Geothermal and glorious, Budapest’s Gellért Baths opened in 1918, the year that marked the end of World War I and the Austro-Hungarian Empire’s collapse.
The Art Nouveau complex, slathered with sculpture and mosaics, tempted locals and visitors alike with its effervescent natatorium, mud baths, and treatment rooms for ailments of every kind. In the Roaring ’20s, when this gaggle was captured frolicking in the outdoor pool, the spa’s future looked as bright as its waters.
However, bombs from a second world war and a descending Iron Curtain took their toll on the therapeutic icon. Following decades of decline, a major makeover in 2008 restored the Gellért to an imperial gleam.
Here are a few memorable takeaways from the soak of a century:
- The bath’s adjoining Hotel Gellért is a storied four-star hostelry known as the “First Lady of Hungarian Tourism.” Really.
- There’s a reason they call Budapest the “City of Spas.” The city, which spans the Danube, is built over more than 100 natural springs that feed its many bath houses. On the whole, Hungary boasts some 1,500 thermal springs, 450 baths, and the biggest thermal lake in Europe, Lake Hévíz.
- The first structure to inhabit the site where the Gellért complex now stands was built in the 13th century—a hospital erected by Hungarian King Andrew II’s doctor—to make use of the healing waters below the Earth’s surface.
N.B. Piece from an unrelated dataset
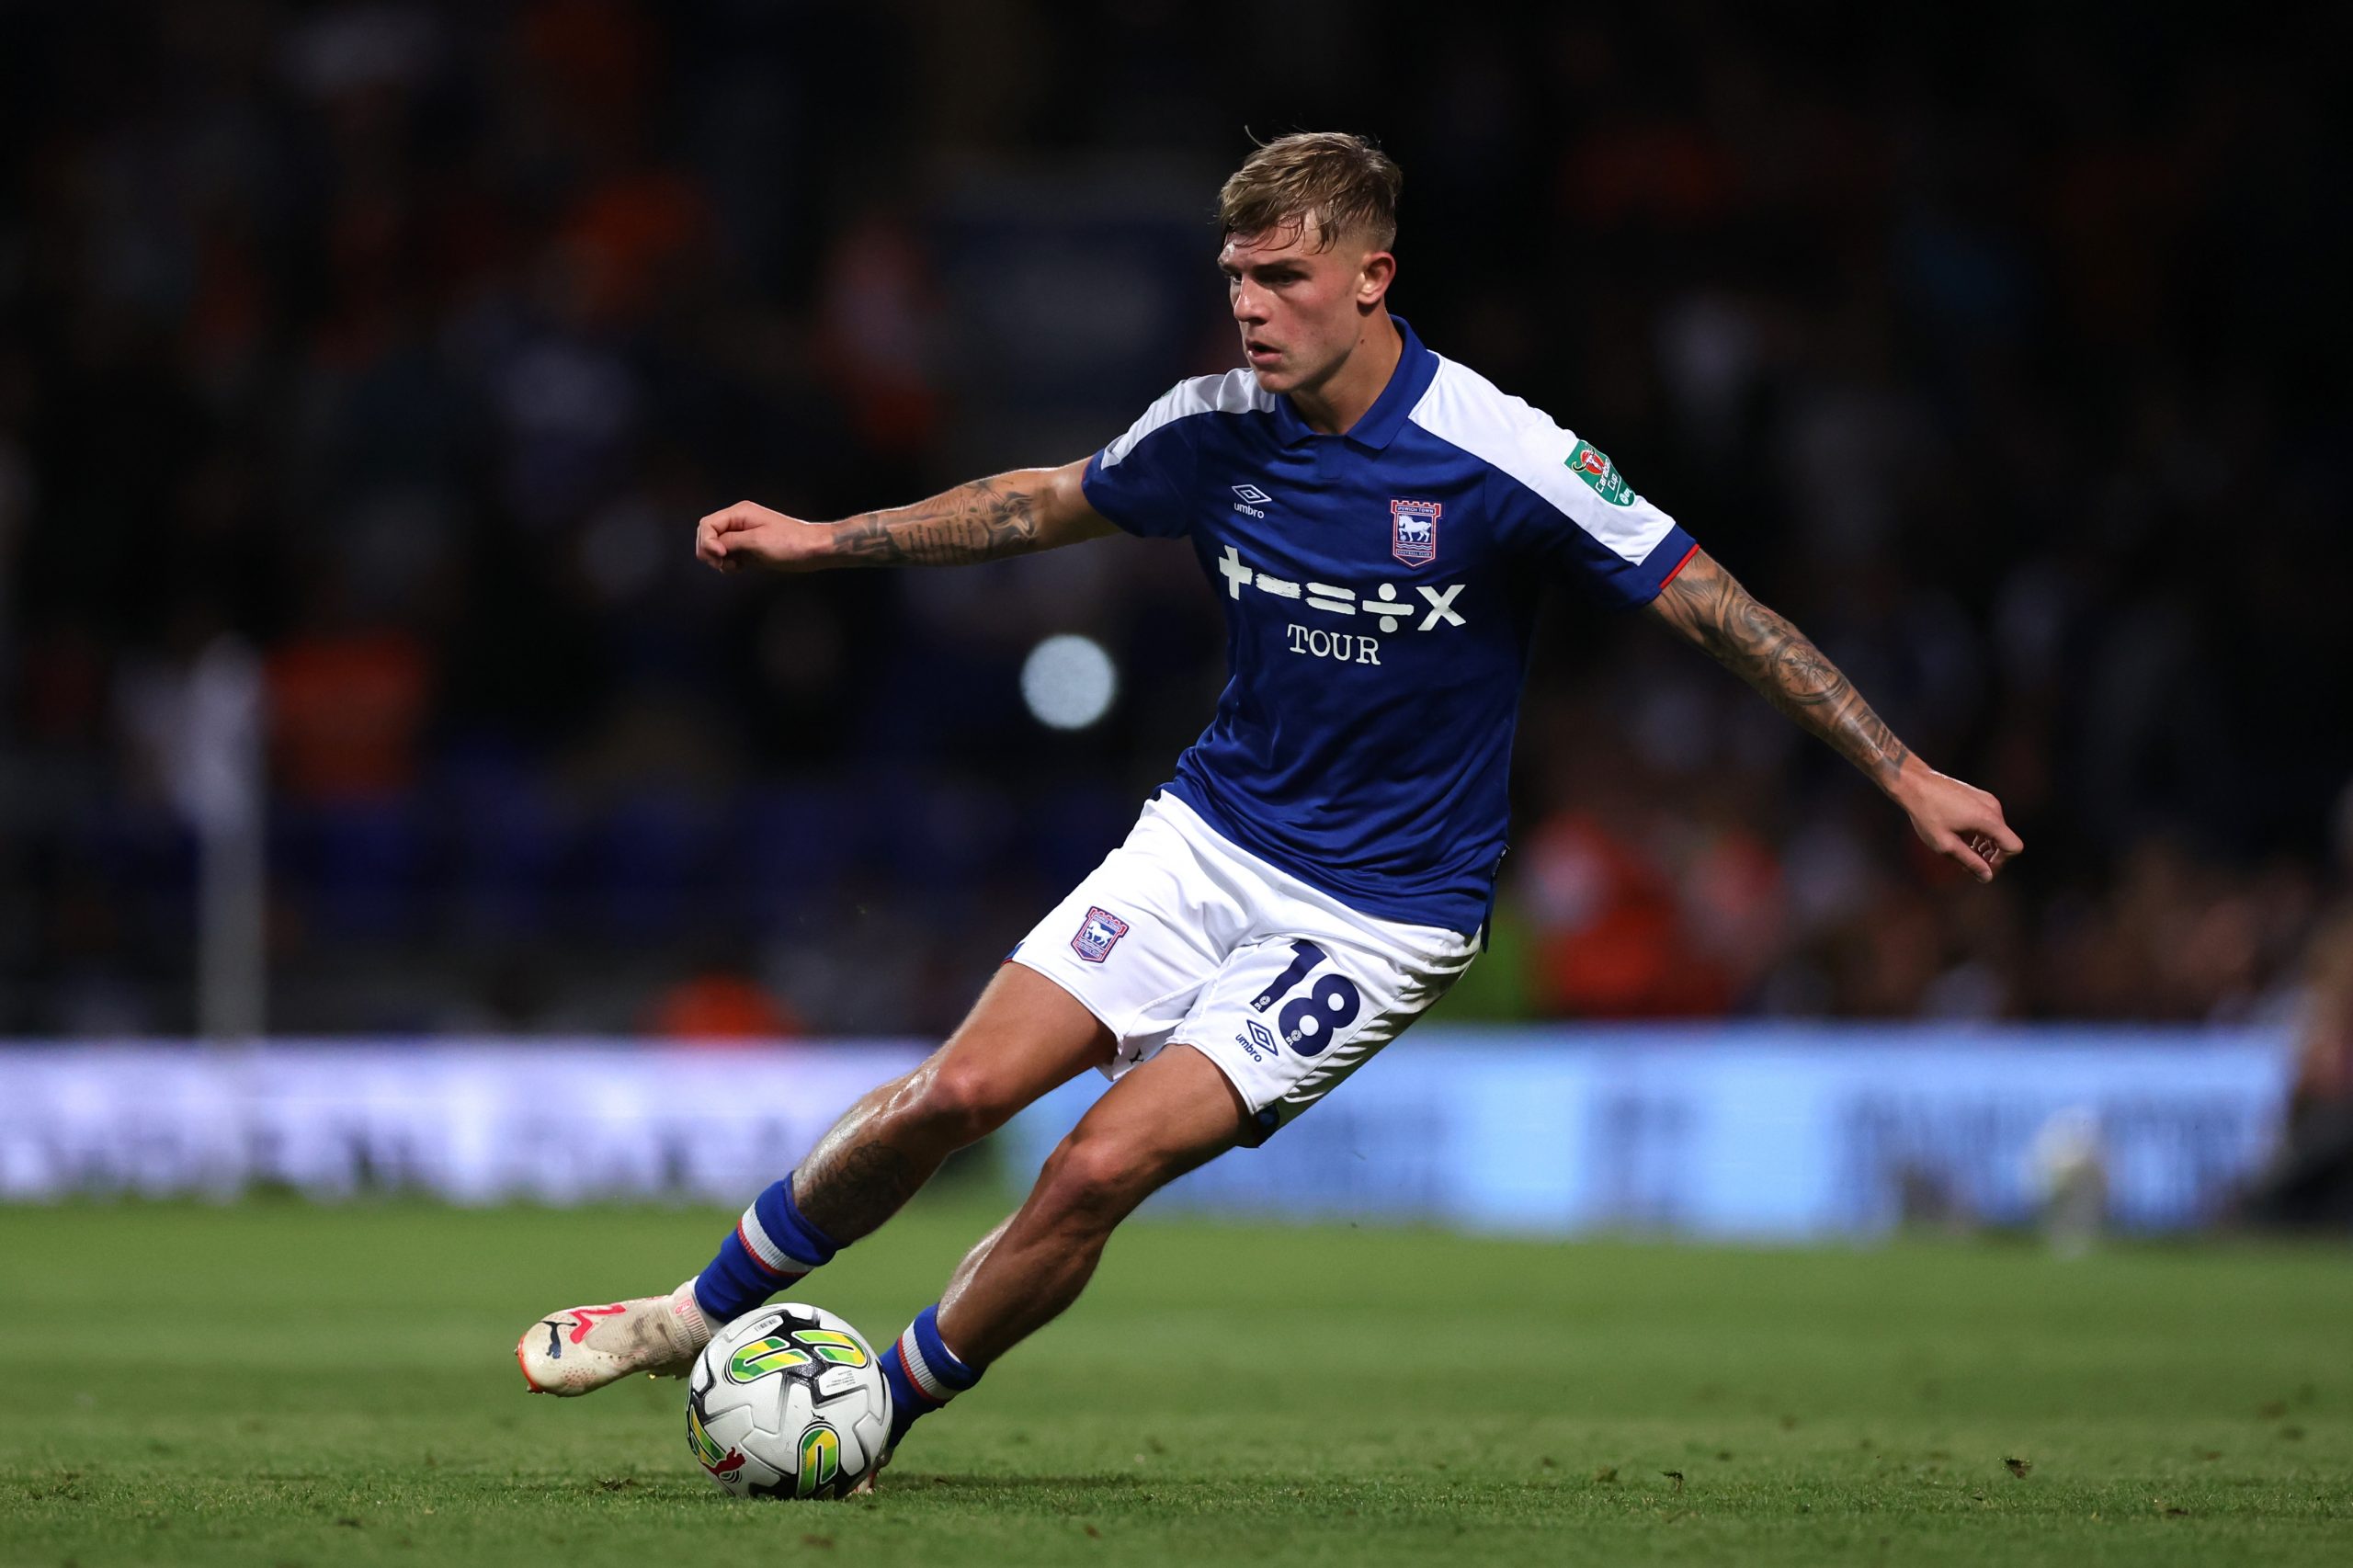 Ipswich Town boss has shed light on the Brandon William situation at Manchester United.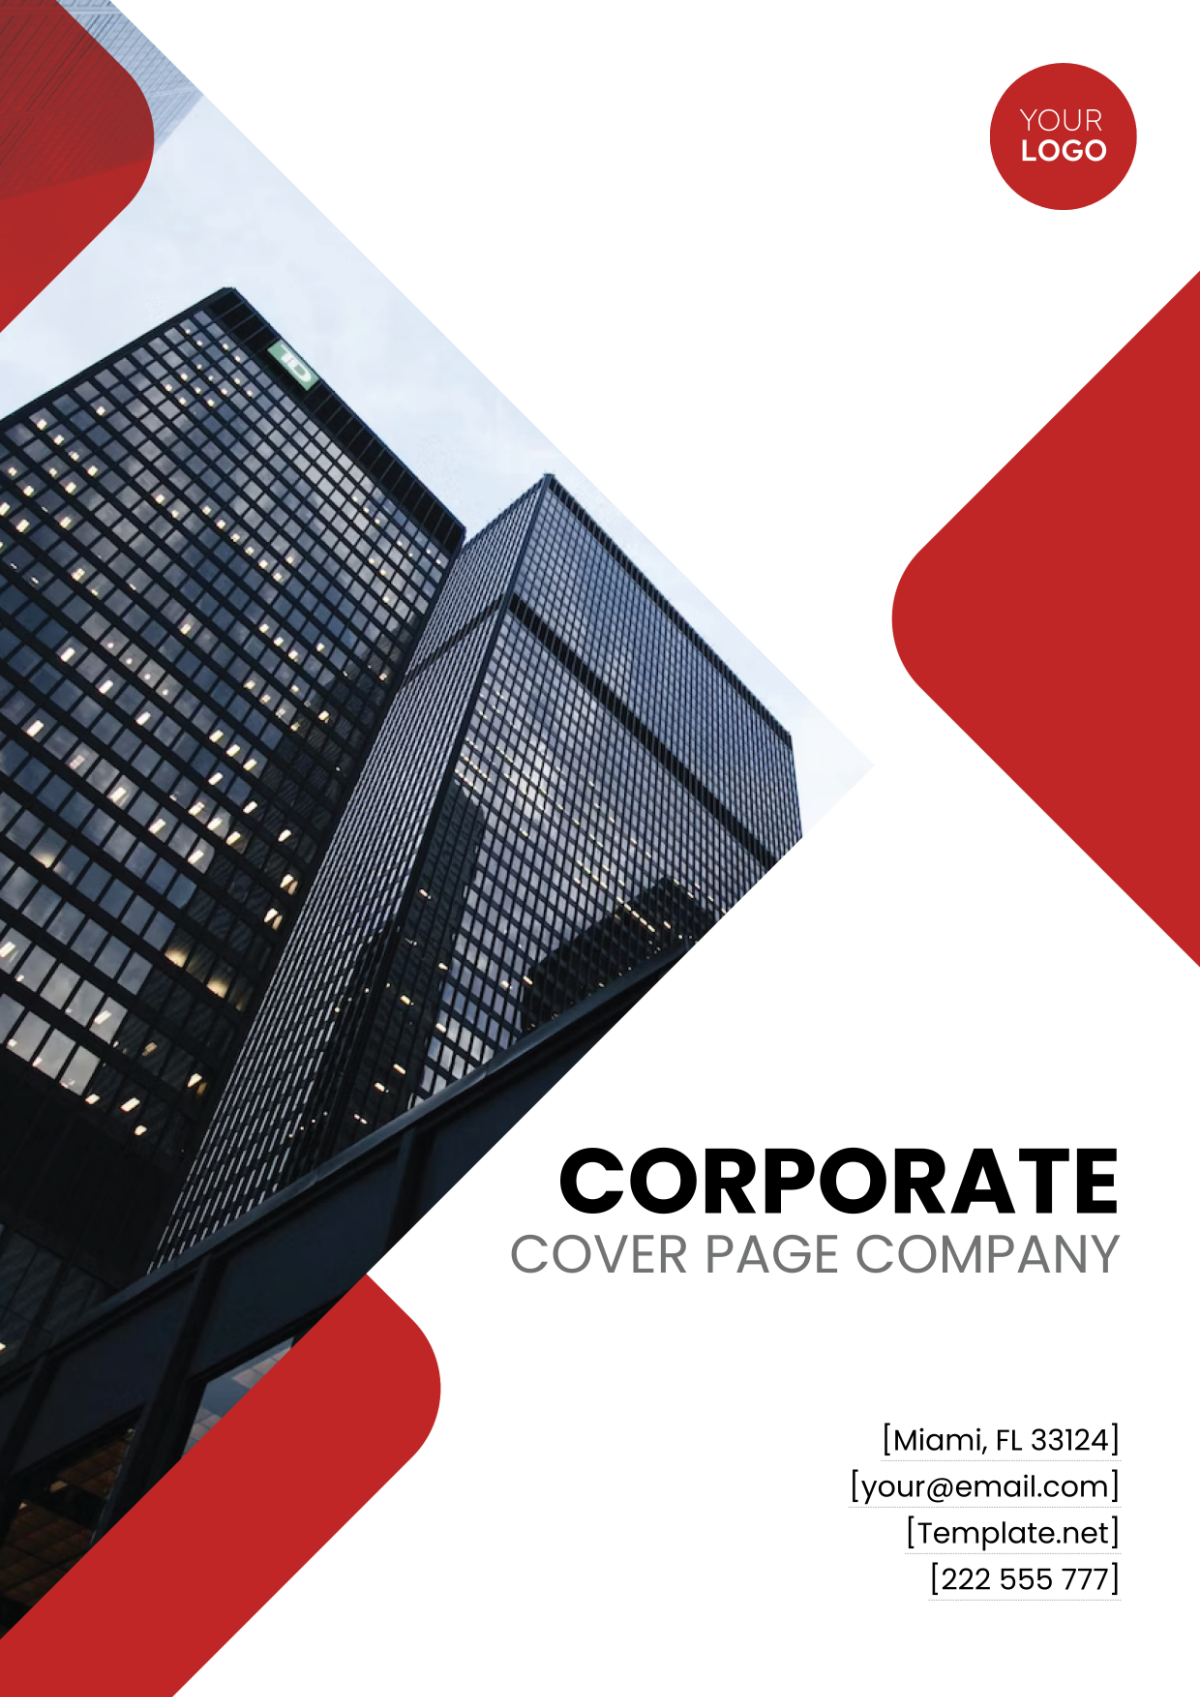 Corporate Cover Page Company

Invading Turks built baths in Budapest in the 16th century.
- The Gellért’s trademark tiles were made by Zsolnay Porcelain Manufacturing. Still around, the company now sells ceramics to IKEA.
- One of the outside pools boasts a Jazz Age wave-making machine—the first of its kind. Installed in 1927, it’s still making a splash.
- The Gellért’s thermal pools were long segregated by sex. Bathers swam nude or wore a kötény, a modest apron. In 2013, management allowed men and women to bathe together. Swimsuits that “cover the most important gender essentials” are now required.
- The bath treatments on offer at the complex include a unique salt chamber where patrons inhale salt-scented air for relief from asthma and other respiratory problems.
- One Hungarian bathing beauty you wouldn’t want to meet: Countess Elizabeth Bathory. Perhaps the most prolific female serial killer of all time, Bathory is rumored to have soaked in the blood of young girls she had murdered. She was bricked up inside a castle in present-day Slovakia in 1611, where she died three years later at the age of 54.